━━━━━ PROVIDED INFORMATION ━━━━━

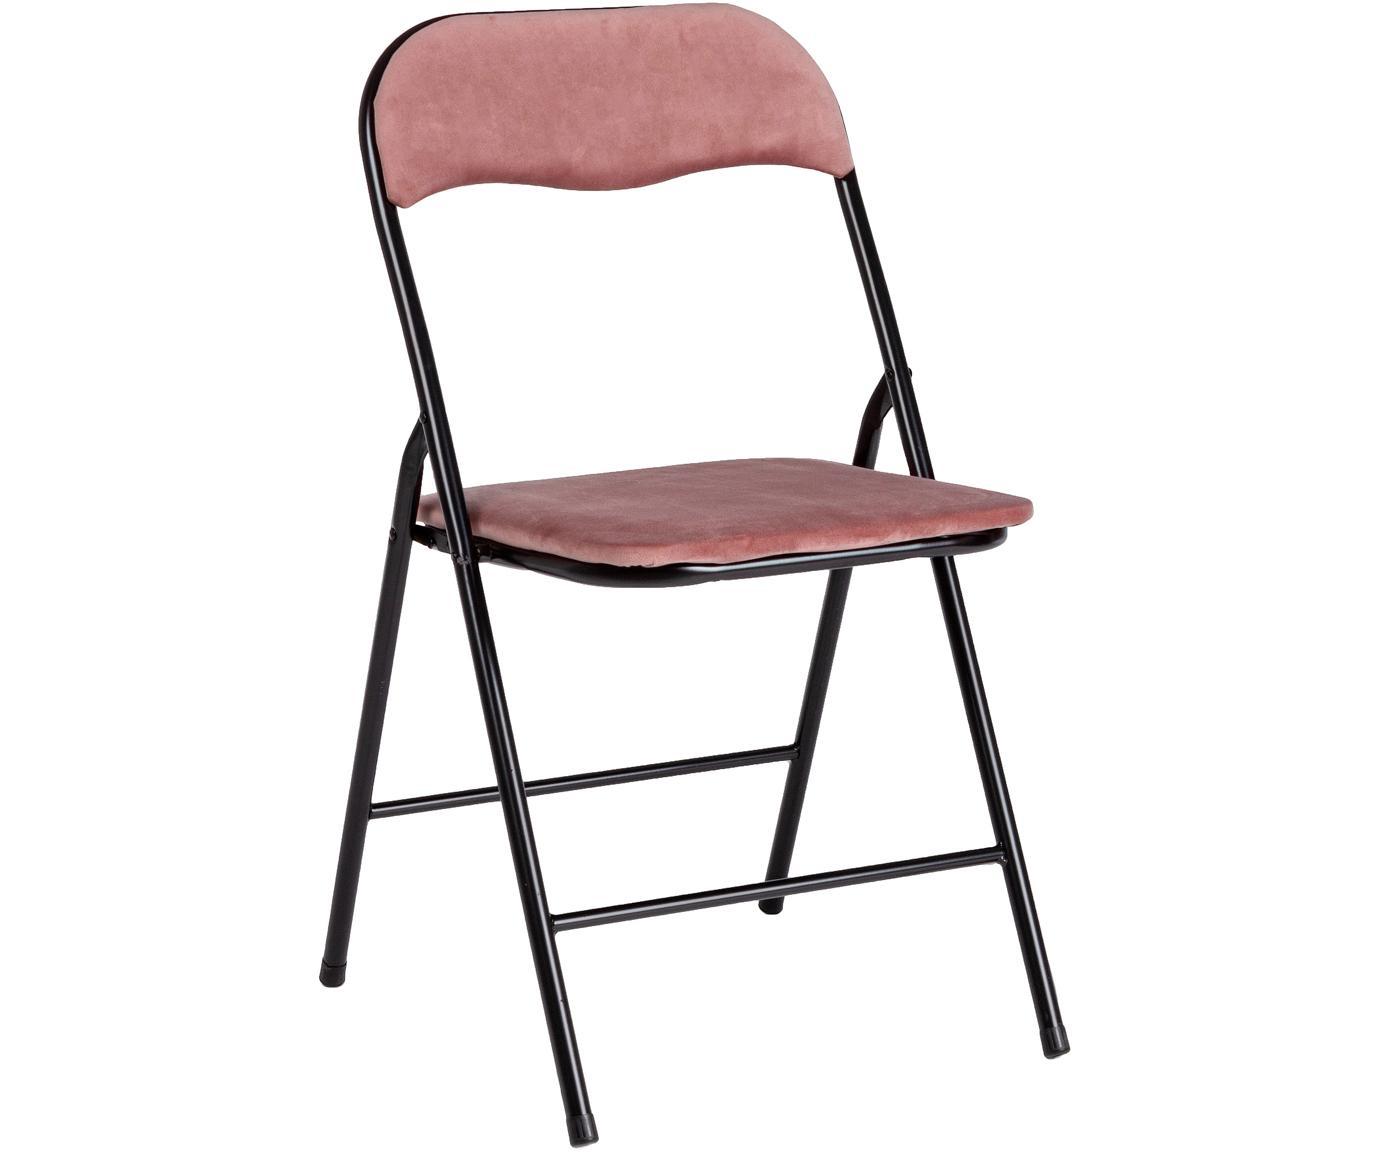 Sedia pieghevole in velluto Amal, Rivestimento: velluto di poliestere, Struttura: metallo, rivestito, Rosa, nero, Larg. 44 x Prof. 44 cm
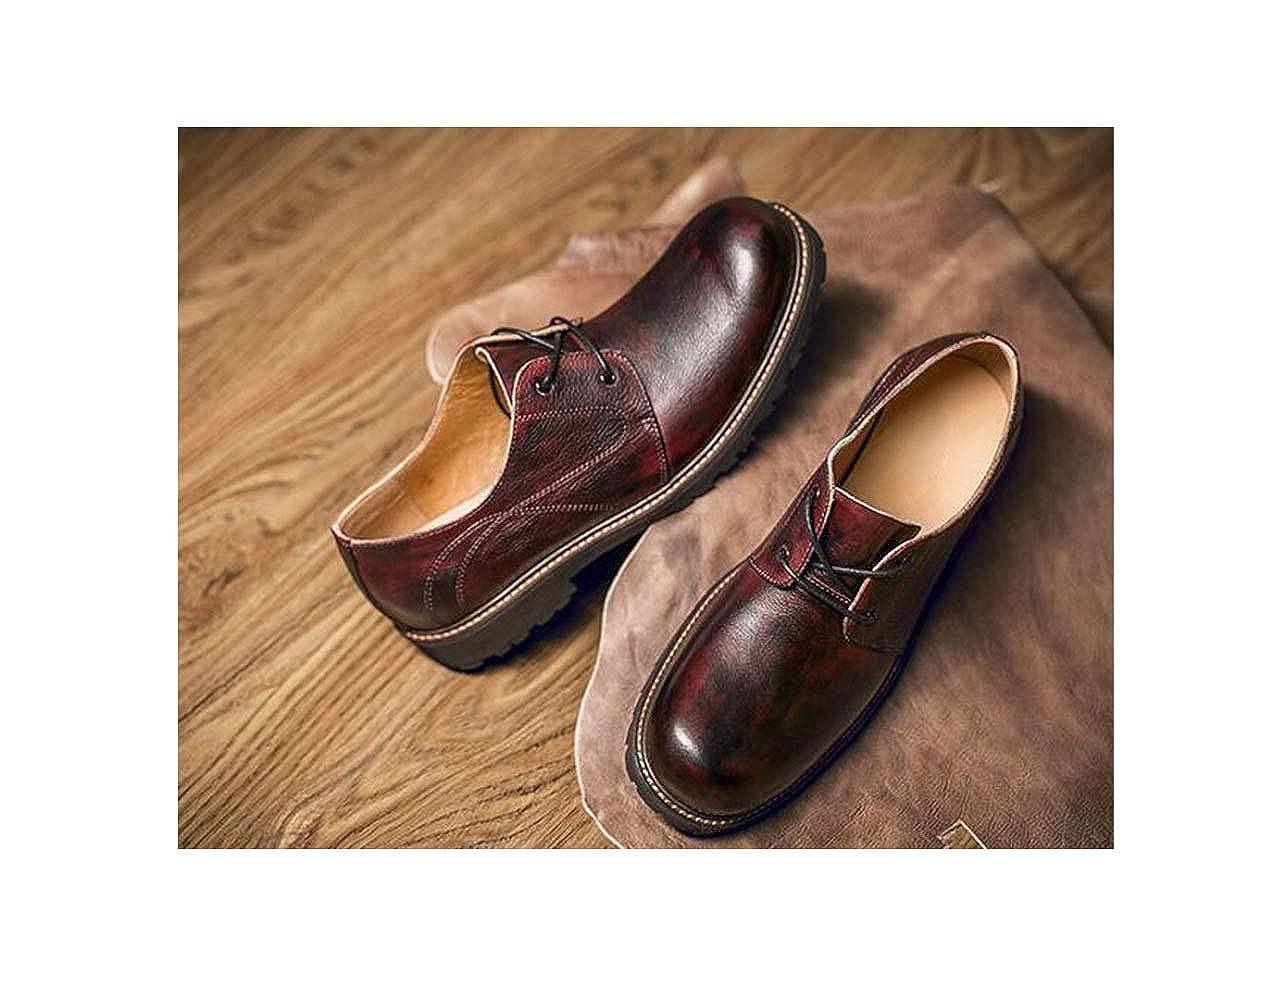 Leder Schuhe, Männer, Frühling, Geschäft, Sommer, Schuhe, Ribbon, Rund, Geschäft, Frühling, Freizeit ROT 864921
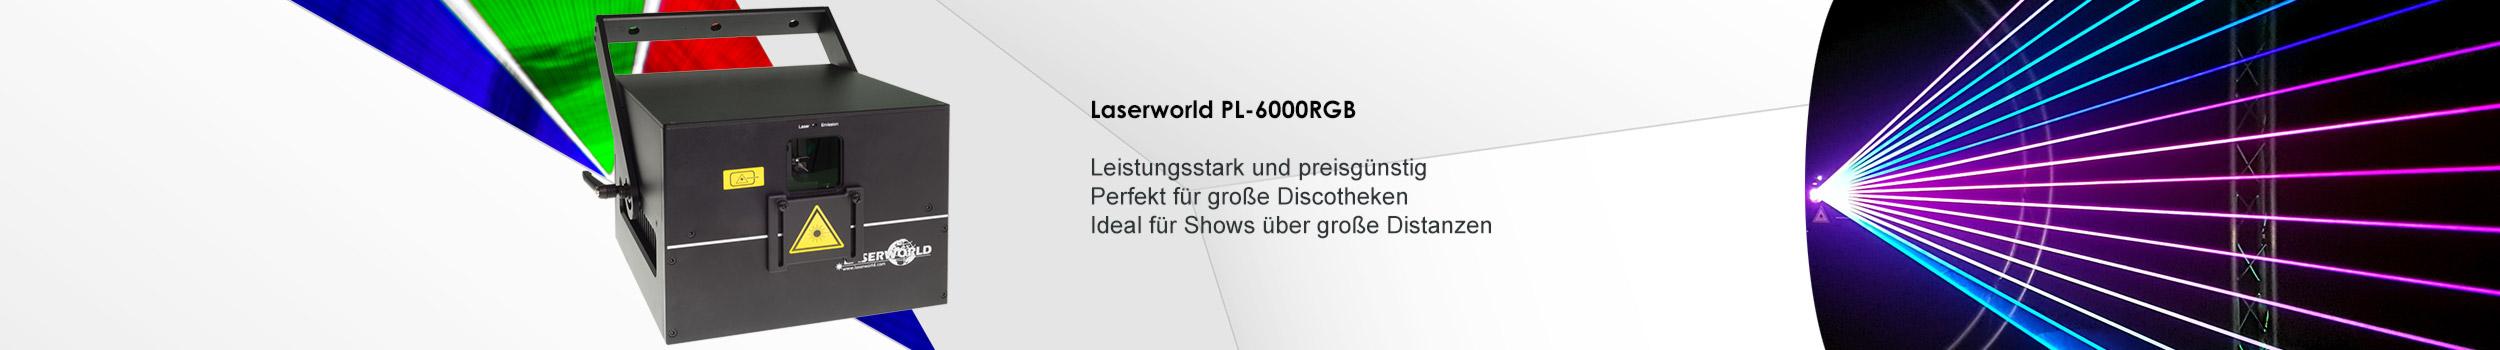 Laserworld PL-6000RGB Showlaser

━━━━━
━━━━━ PROVIDED INFORMATION ━━━━━

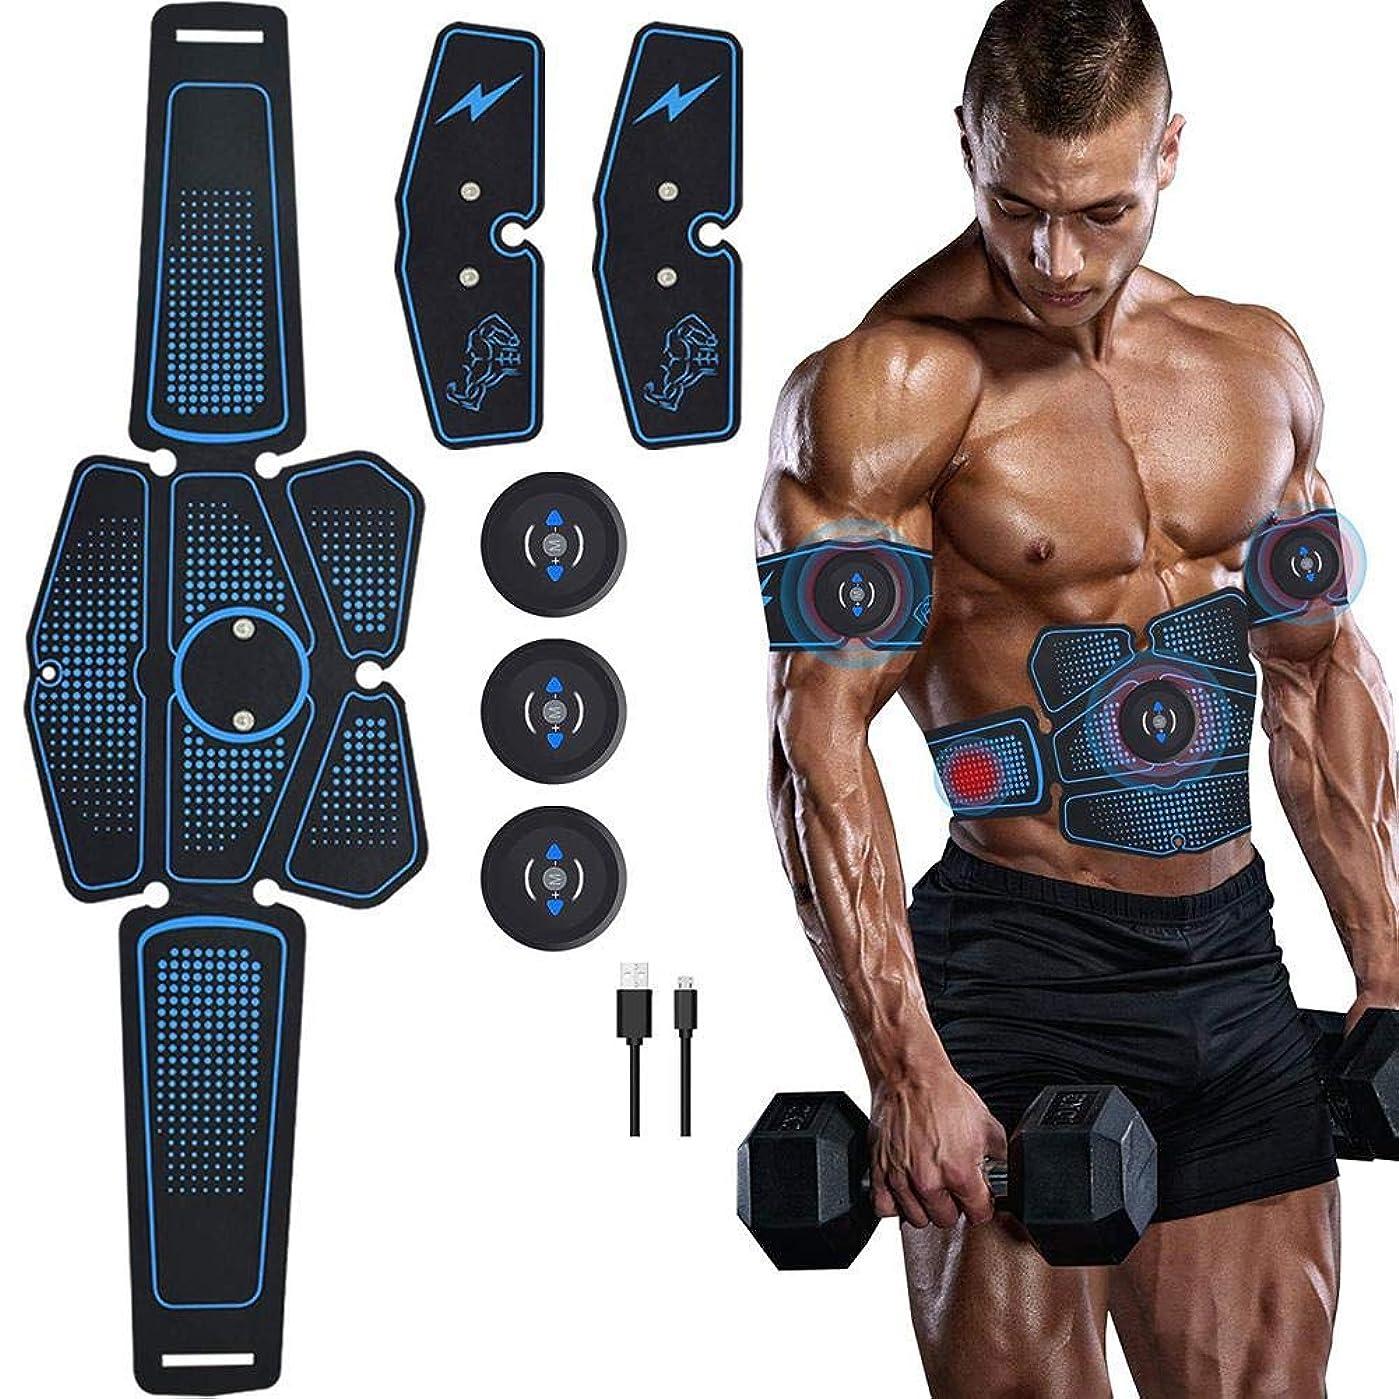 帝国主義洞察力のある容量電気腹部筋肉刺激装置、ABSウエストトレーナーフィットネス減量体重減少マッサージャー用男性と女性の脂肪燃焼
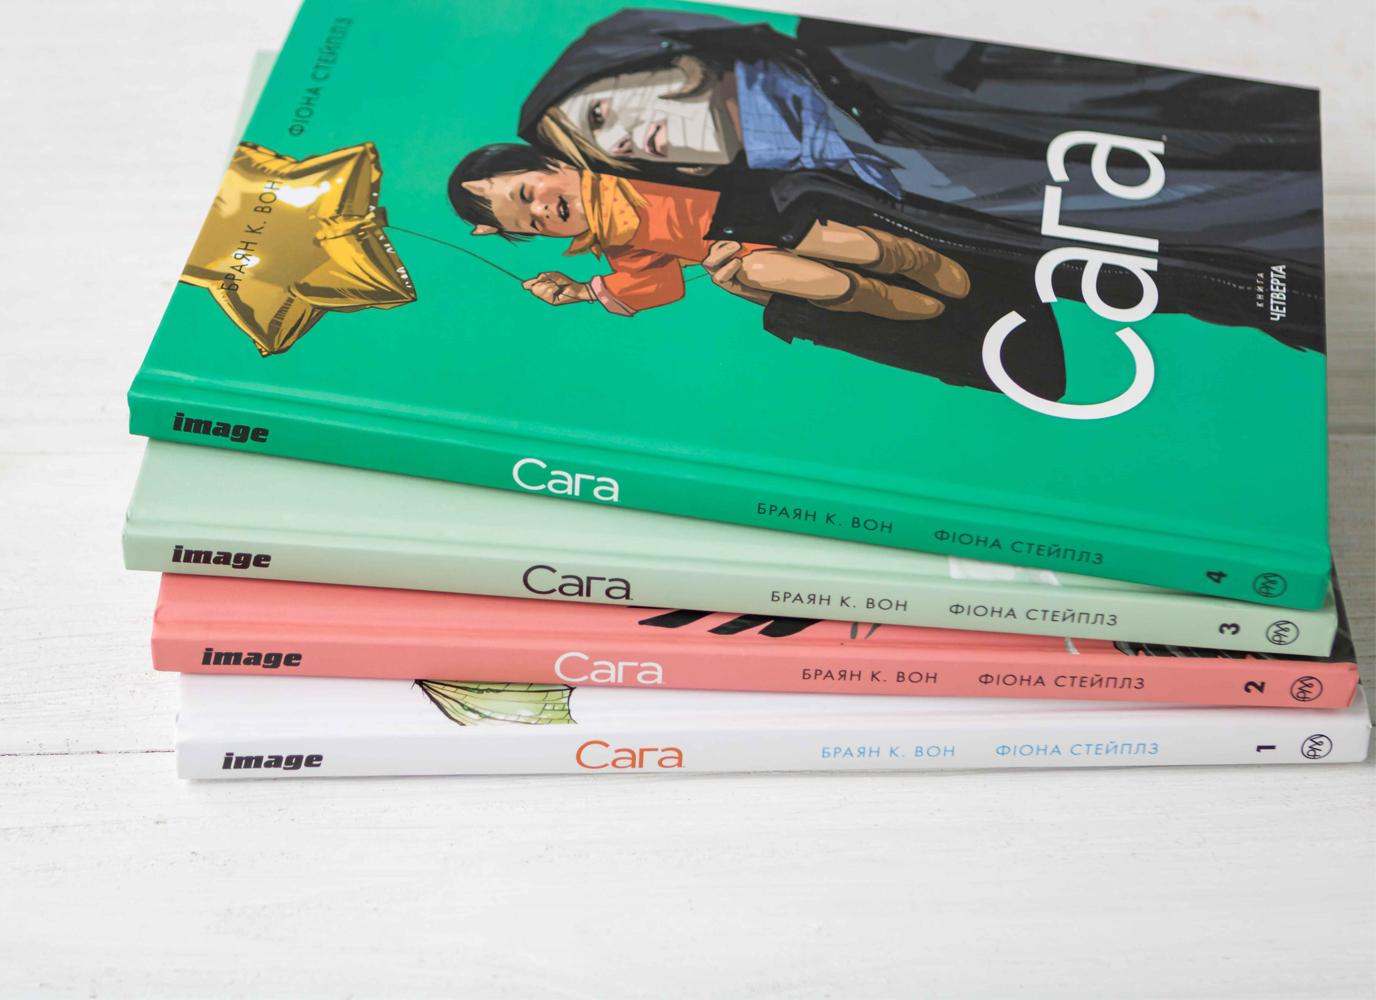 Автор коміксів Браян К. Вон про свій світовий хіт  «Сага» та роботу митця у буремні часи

━━━━━
━━━━━ PROVIDED INFORMATION ━━━━━

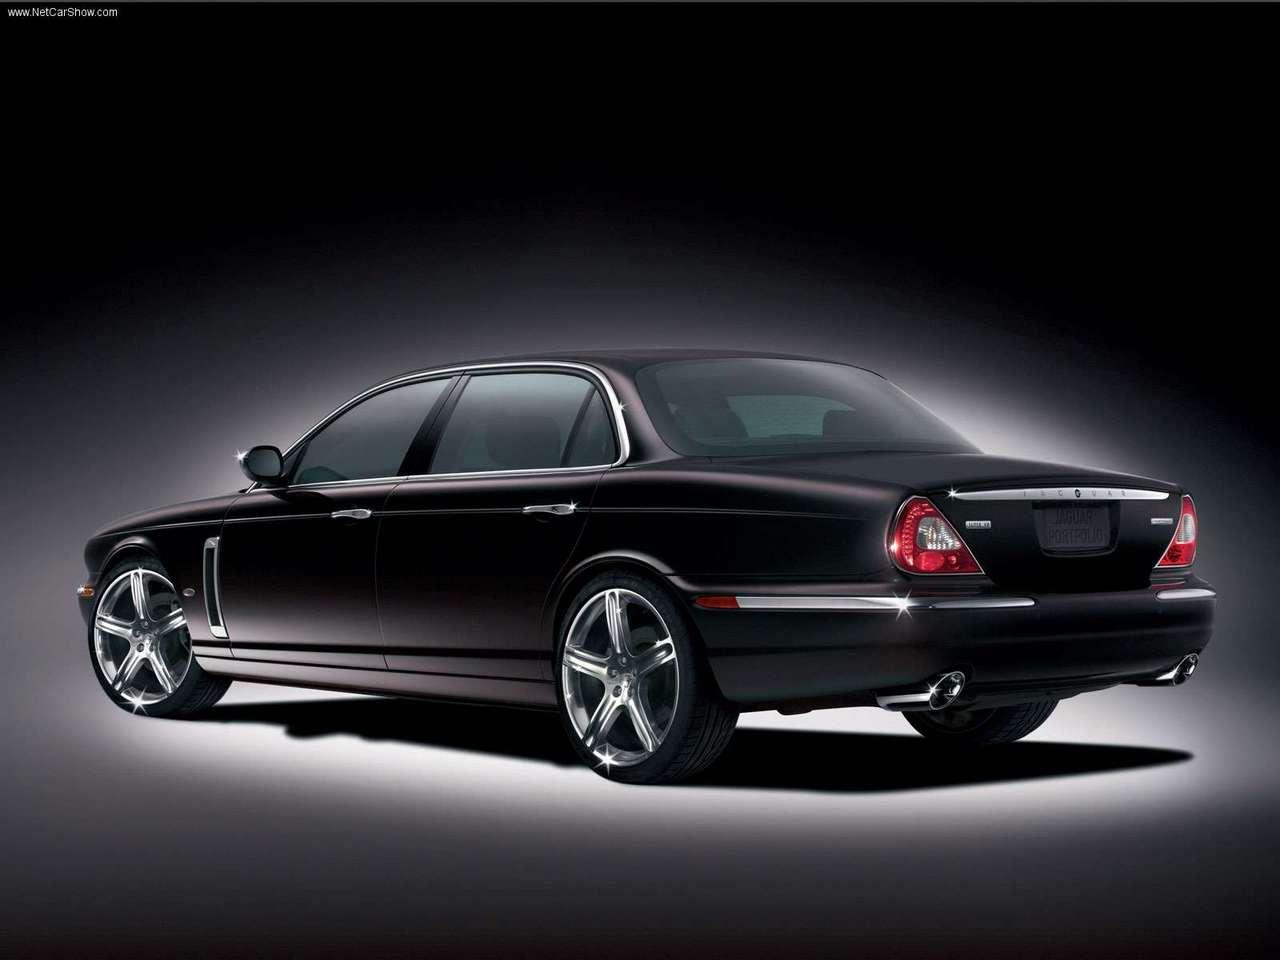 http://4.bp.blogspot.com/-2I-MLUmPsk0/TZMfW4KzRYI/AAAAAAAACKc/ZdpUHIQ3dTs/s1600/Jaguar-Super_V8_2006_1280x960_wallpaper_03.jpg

━━━━━

* _TASK DESCRIPTION_: For this exercise, reproduce exactly the lines of the records above from the one with "Sedia pieghevole in" up to and including the one with "Laserworld PL-6000RGB Showlaser", without pictures.

* _SOLUTION FOR THIS TASK_:
 Sedia pieghevole in velluto Amal, Rivestimento: velluto di poliestere, Struttura: metallo, rivestito, Rosa, nero, Larg. 44 x Prof. 44 cm
 Leder Schuhe, Männer, Frühling, Geschäft, Sommer, Schuhe, Ribbon, Rund, Geschäft, Frühling, Freizeit ROT 864921
 Laserworld PL-6000RGB Showlaser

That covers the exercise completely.